# Squattin / rebuild abandoned town in Spanish Pyrenees



## Quetzal

Lookin for people who are interested to build a micro utopia in one of the abandoned towns of the pyrenees. Open to painters, craftsmen, militants, writers, philosophers, punks, musicians, story tellers, poets, dreamers, pirates & anyone who wants to help !


----------



## acrata4ever

whos there now?


----------



## oki

cool, weve had that idea often, when i was younger. never did it though.


----------



## Quetzal

acrata4ever said:


> whos there now?



Depends, there are a lot of little ghost towns in the pyrenees. Some are half occupied or still used as holiday homes, some are completely abandoned. Im now at the moment with a friend in south of France, were leaving wednesday to explore the mountains for a month in search for a town with acces to fresh water.


----------



## PistachioSky

badass


----------



## flashinglights

looks beautiful!


----------



## bicycle

sounds like a good plan! wish you all the best with it and maybe in a year or so the wind would blow me towards the south.


----------



## Cardboard

I'm in southern spain now, if you scout something good, keep me updated, Im always up for helping. I know quite some people that have done/are doing this, and if you want some pointers, also let me know.


----------



## Matt Derrick

Daaaamn. That looks sweet. Keep us updated!


----------



## plagueship

do european ghost towns not have owners/caretakers/historical protection like ones in the u.s.?


----------



## Cardboard

not all of em. They aren't so uncommon as in the states. There is even a lot of opportunities to squat castles, old churches... whatever. Some of the better condition ones have been restored and have caretakers, but these ones in the Pyrenees are so common that it isn't worth the time.


----------



## Cardboard

Also, if you are serious about this, consider taking a legal route once you have found one that is suitable, and buy it. A friend bought one last year for 6k, just a parcel of land. After exploring it all he house found 2 springs, a river, and 2 settlements (one has 4 houses and a barn, the other 6 houses). You probably wont face much legal trouble squatting it (there are legal loopholes allowing squatting in Spain), but this is a lifetime project, and you never know when things might change in the future.


----------



## Sen

If I can find a way to get there, I'm totally game. That whole passport thing has me tripped up at the moment.


----------



## Margarita

Wow! It looks so gorgeous! If you can find a clean, reliable source of water then you should be golden.  If I were in Europe I would be heading for Spain as we speak... if you are serious about this then I'm sure you will still need help once I do make it across the Atlantic, and I would be thrilled to provide it. Keep us updated!


----------



## Blacknose

I'll be making my way south this week . Planning to hit up Tarrega festival on the way to Granada and have to be back for a gig around the 20th of Sept. but I'd be really interested in such a project! Been talking about just that with many friends many times and i think one of them is actually working on a village in spanish pyrenees right now !

Hope to hear from you!


----------



## harrison

i will be headed to spain in late december, id love for this to be a reality, keep me updated


----------



## fr33rang3r

holyshit im in love.

how's this project going?


----------



## Eviscerate

Where is this place and where can you find other places like it?
This is incredible and i'd be totally keen to get in on it.
I'll be in europe sept next year but could come earlier if it actually started getting set up.


----------



## TheUndeadPhoenix

Militants, you say? Lemme get my guys...


----------



## Eviscerate

Why is there a one minute expiry date of the edit button?
Anyway
Cardboard can you expand on the whole buying a parcel of land for 6k? Where would you buy that from? 6k seems awfully cheap for something with a bunch of houses on it.
Also whats the climate like in the Pyrenees? what kind of stuff would grow there? i imagine the winter would be harsh as.
How far away from a city would these places be should we need to get some supplies from town or getting new people to join the place?


----------



## EmmaJane

How many people are really committed to this so far? Are you still looking for people to join? 

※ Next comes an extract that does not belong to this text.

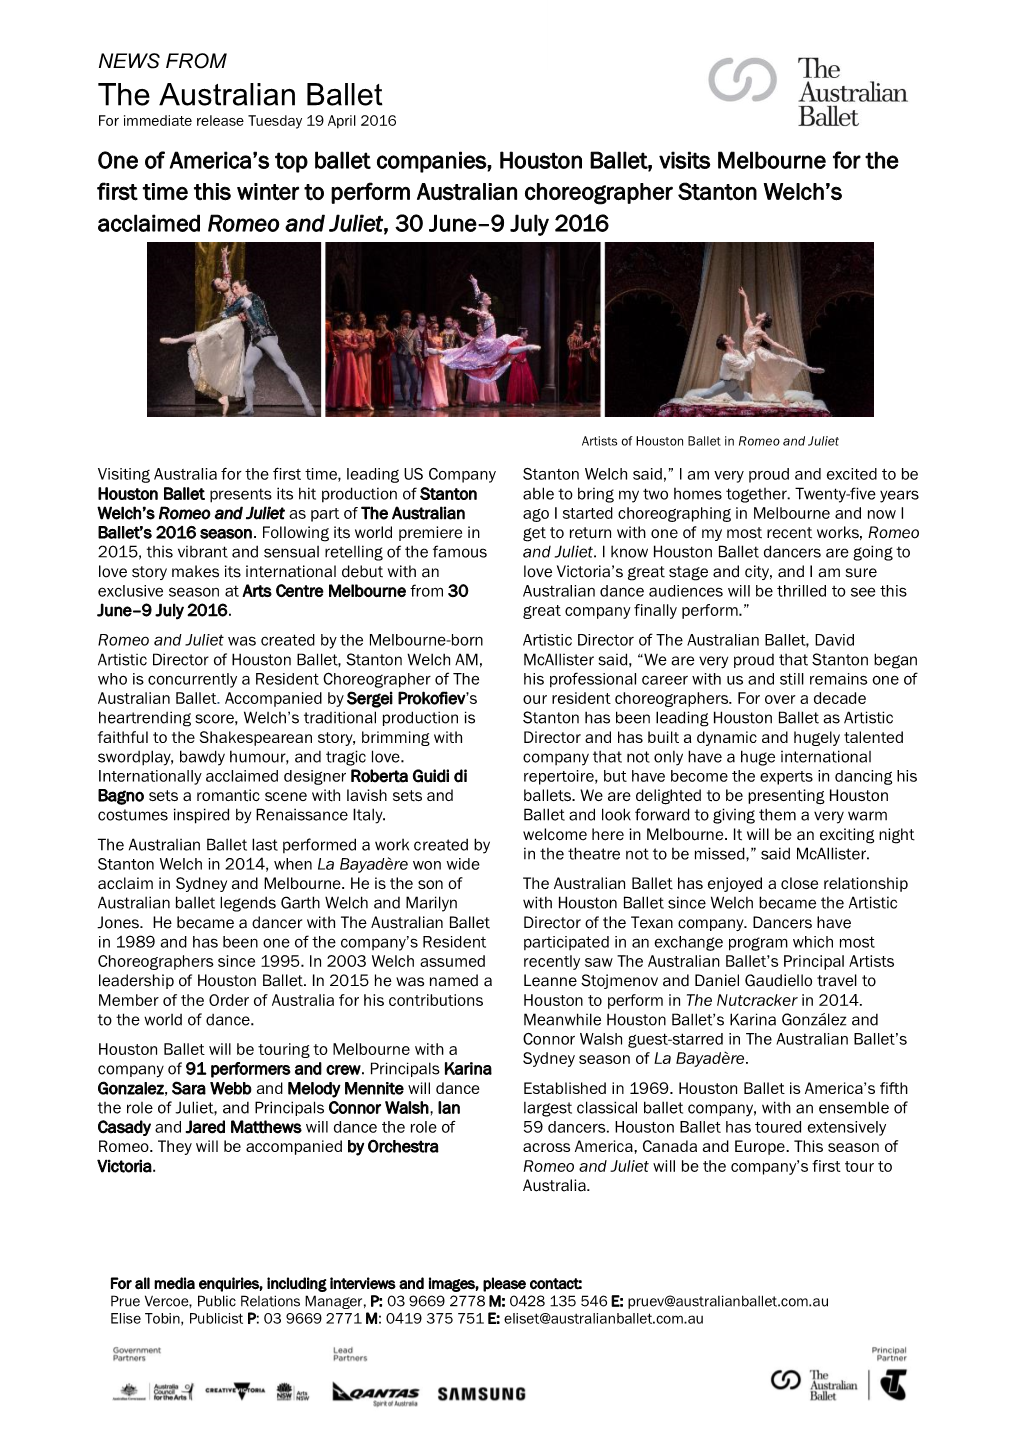 The Australian Ballet for Immediate Release Tuesday 19 April 2016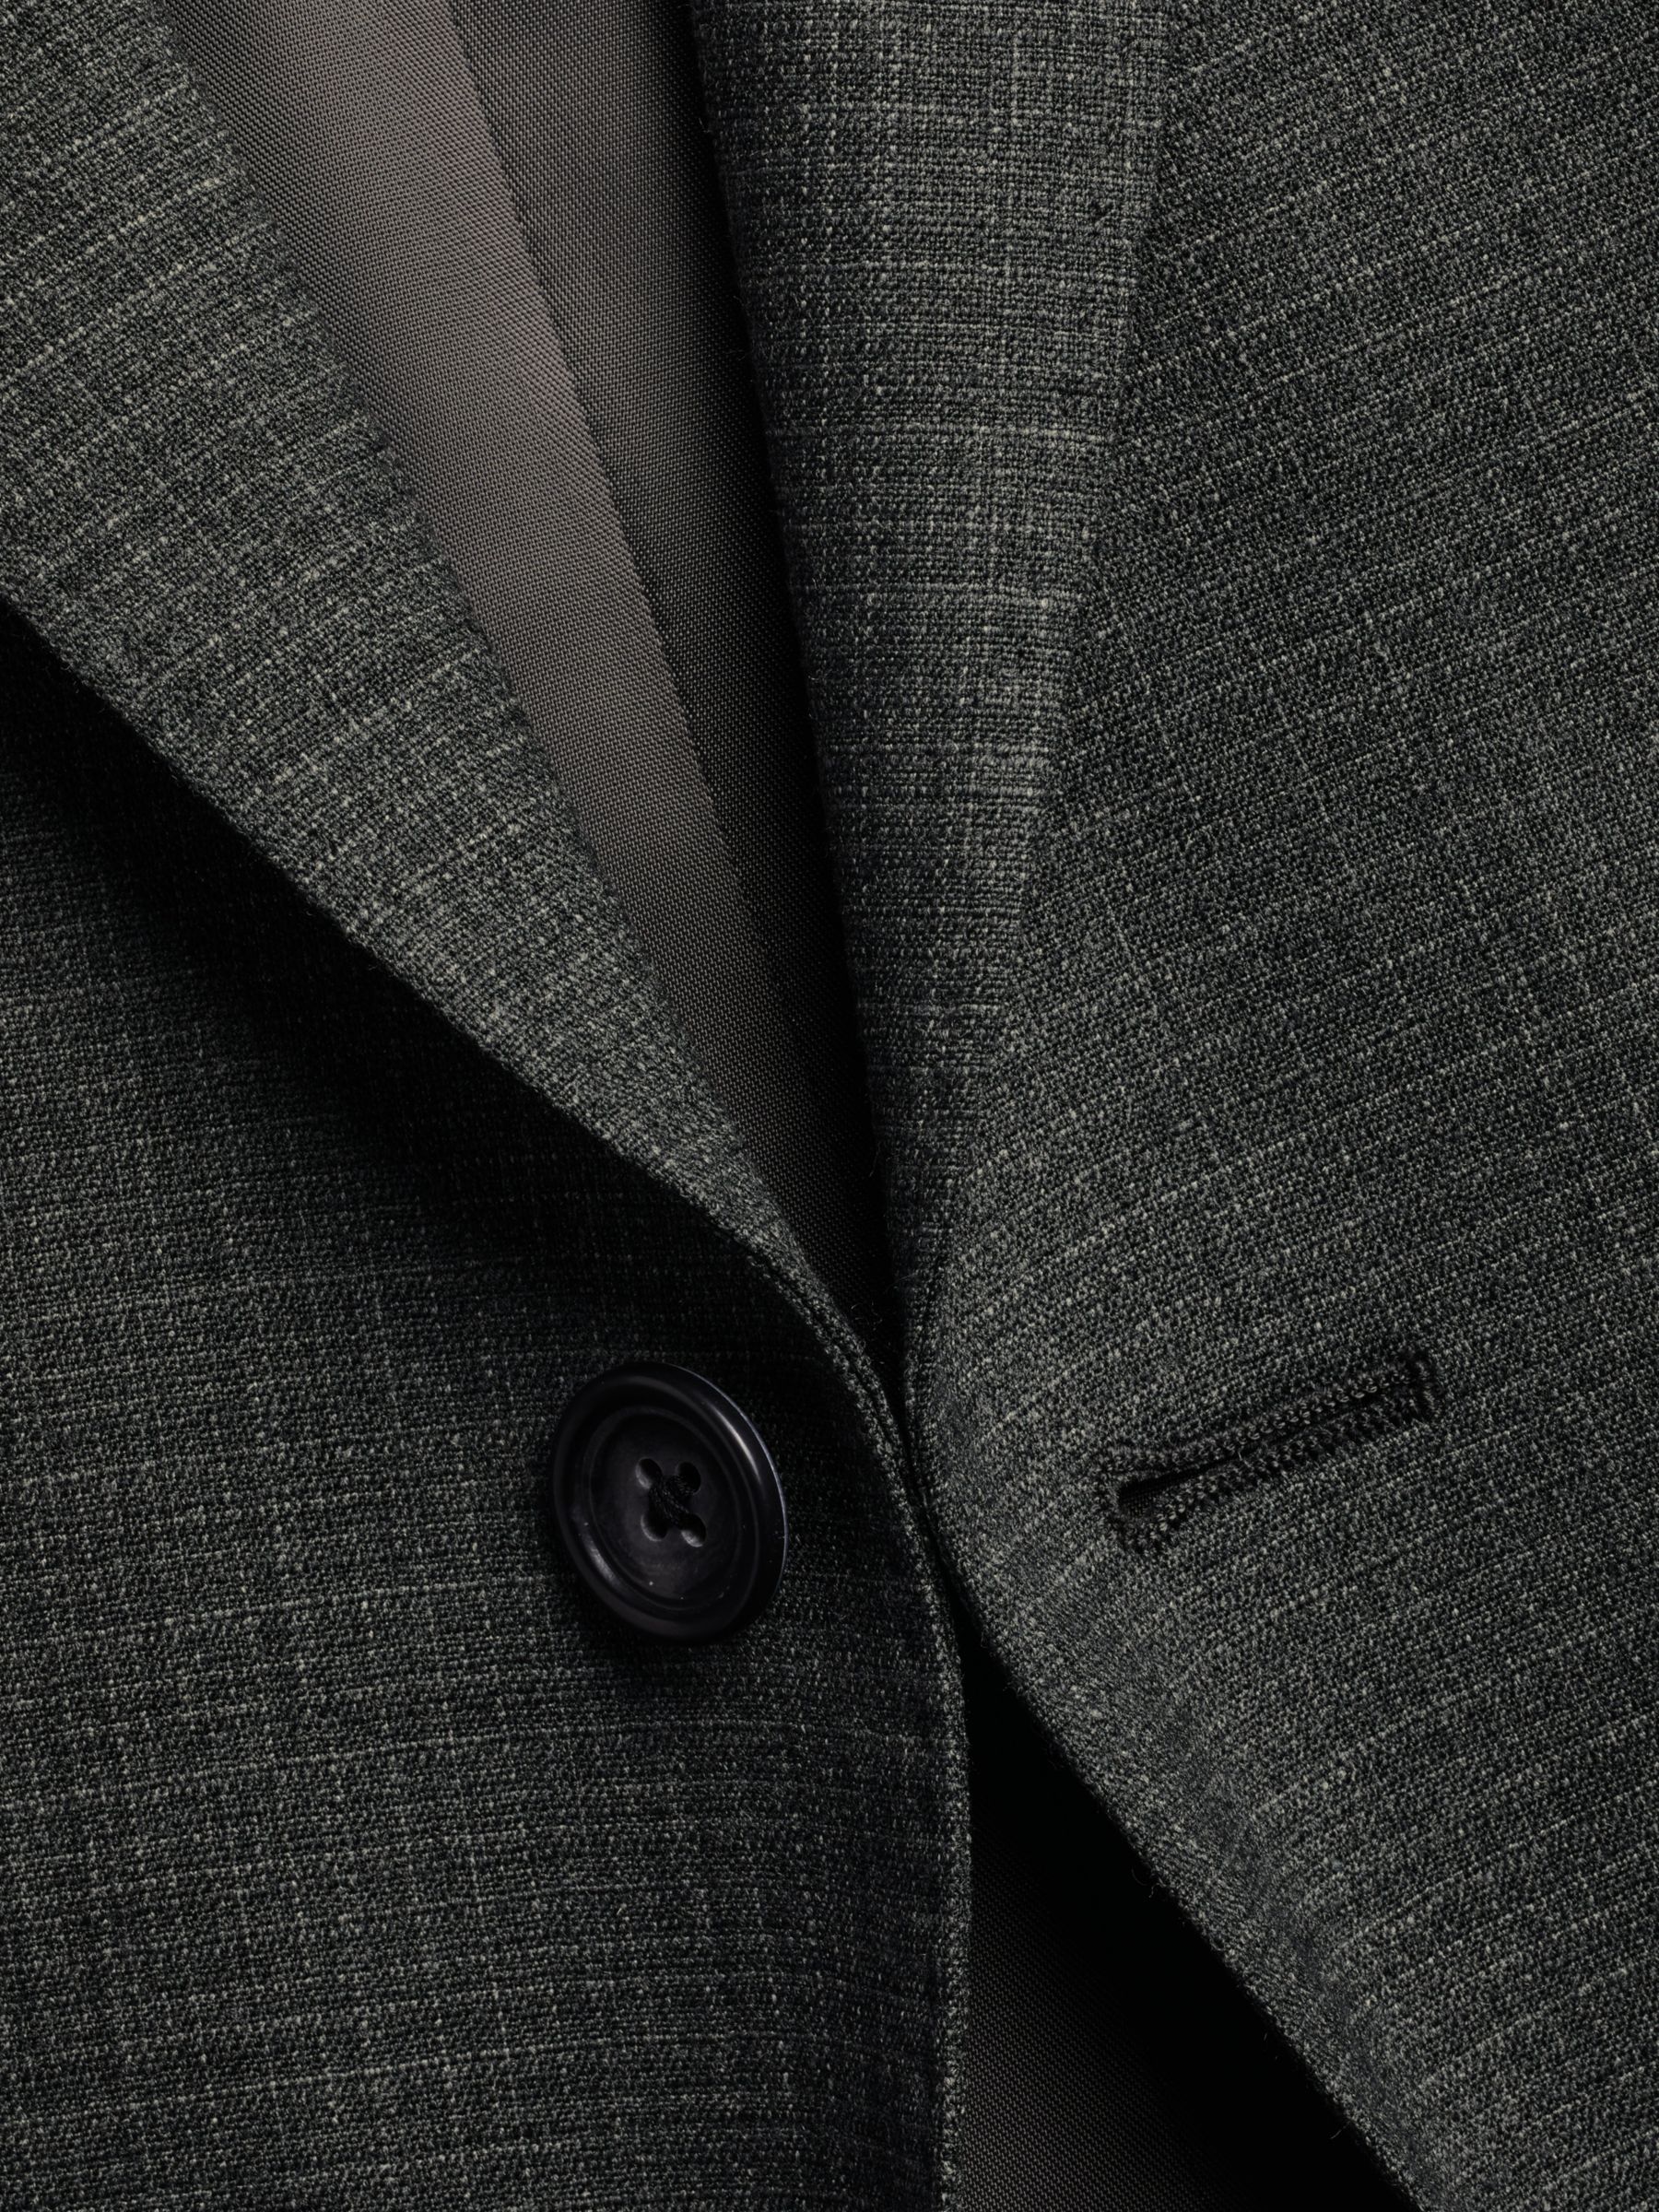 Charles Tyrwhitt Micro Grid Check Slim Fit Suit Jacket, Grey, 42R

I was going back to university for a year, but I could be there as soon as I have the money saved up to go (and some besides to chip in for supplies etc). This would literally be a dream come true..


----------



## fr33rang3r

this idea so resonates with so many of us. it may be a few years but i hope we all find something similar to it.


----------



## Cardboard

I have heard hundreds of people talking about this, and known VERY few to ever follow through. I wouldnt get your hopes up Emma Jane
@eviscerate- Its not that uncommon, and actually when he bought it, he didnt even know it had houses. I wouldnt call them houses so much, rather ruins (which are fucking everywhere in Europe), but in a state that they were reparable. I think you could easily find something similar, if you just searched for it a bit (even in the states). There is a lot of land that is so rough you cannot build there easily, and goes for near to nothing. look around in montana a bit, I know some people who have managed to buy 600 acres there, of undevelopable land, for really cheap. Some other friend were looking at property in Greece for 4.5k, I forget the size of the parcel, but also quite large.
In spain, on the south side of the pyrenees, its not so bad. If you are actually "in" the mountains, then yes, its gonna be harsh, but at lower altitudes on the south side expect temperate climate, mild winter. a lot of the untouched ones, you can expect at least a 40 km drive to supply. better to come out once in a while with a bus and large stocks of dry goods (and the first few years, you wont be sustainable, so I wouldnt think of wintering over untill you didnt have to leave for supplying. the roads arent that great out there. think late spring to early autumn, for at least 3 years, to prepare the land, and restore some of the buildings. Need people who can farm, and get some animals out there when you are finally going to stay. after 3 years prep, you might be able to have something up and running that you would only have to go to town once a year to supply, and hopefully can trade with you neighbors for what you dont grow (olives are everywhere, oil is a commodity...)


----------



## EmmaJane

Thanks Cardboard. Over the years I have done a lot of research and put a lot of thought into the idea of establishing an alternative community, but the trouble is always going to be finding people who are actually committed to the idea.


----------



## Cardboard

Well, it's really not that hard EmmaJane. I feel like a ton of people are just waiting for the right people to arrive, or the right location. If you accept the fact that it can be temporary, and you can enjoy the experience, I say go for it. I have been active in the forming of several communities, in quite some different places, not many of them exist anymore. Sometimes though, a 3-5 year project is enough to enjoy your time, but not get burnt out. Honestly, I think it is when you really want to do this, and you eventually get so frustrated with everyone else and say, "Fuck it, I'll do it myself then!". that you are really on the right path. It is a strange phenomenon, that when you angrily stomp over, pick up the hammer and nails, and start building, the other finally join. Good luck to you, and when you are finally at that point, put a thread on here for us that says something less like "Who wants to build an alternative community?" (which is almost everyone), and more like "Here IS an alternative community!". See how they flock in. If you get serious at some point, drop me a pm, and I can recommend some nice zines, and maybe share some ideas with you about how communities work (ie what not to do, what to look out for, how to get started...).


----------



## Eng JR Lupo RV323

Nice necro, this cat's been mia since the day after this post almost half a year ago. Pretty place and all but I don't think much is coming of it, at least not through this thread.


----------



## Cardboard

Engineer Jason Roseville said:


> Nice necro, this cat's been mia since the day after this post almost half a year ago. Pretty place and all but I don't think much is coming of it, at least not through this thread.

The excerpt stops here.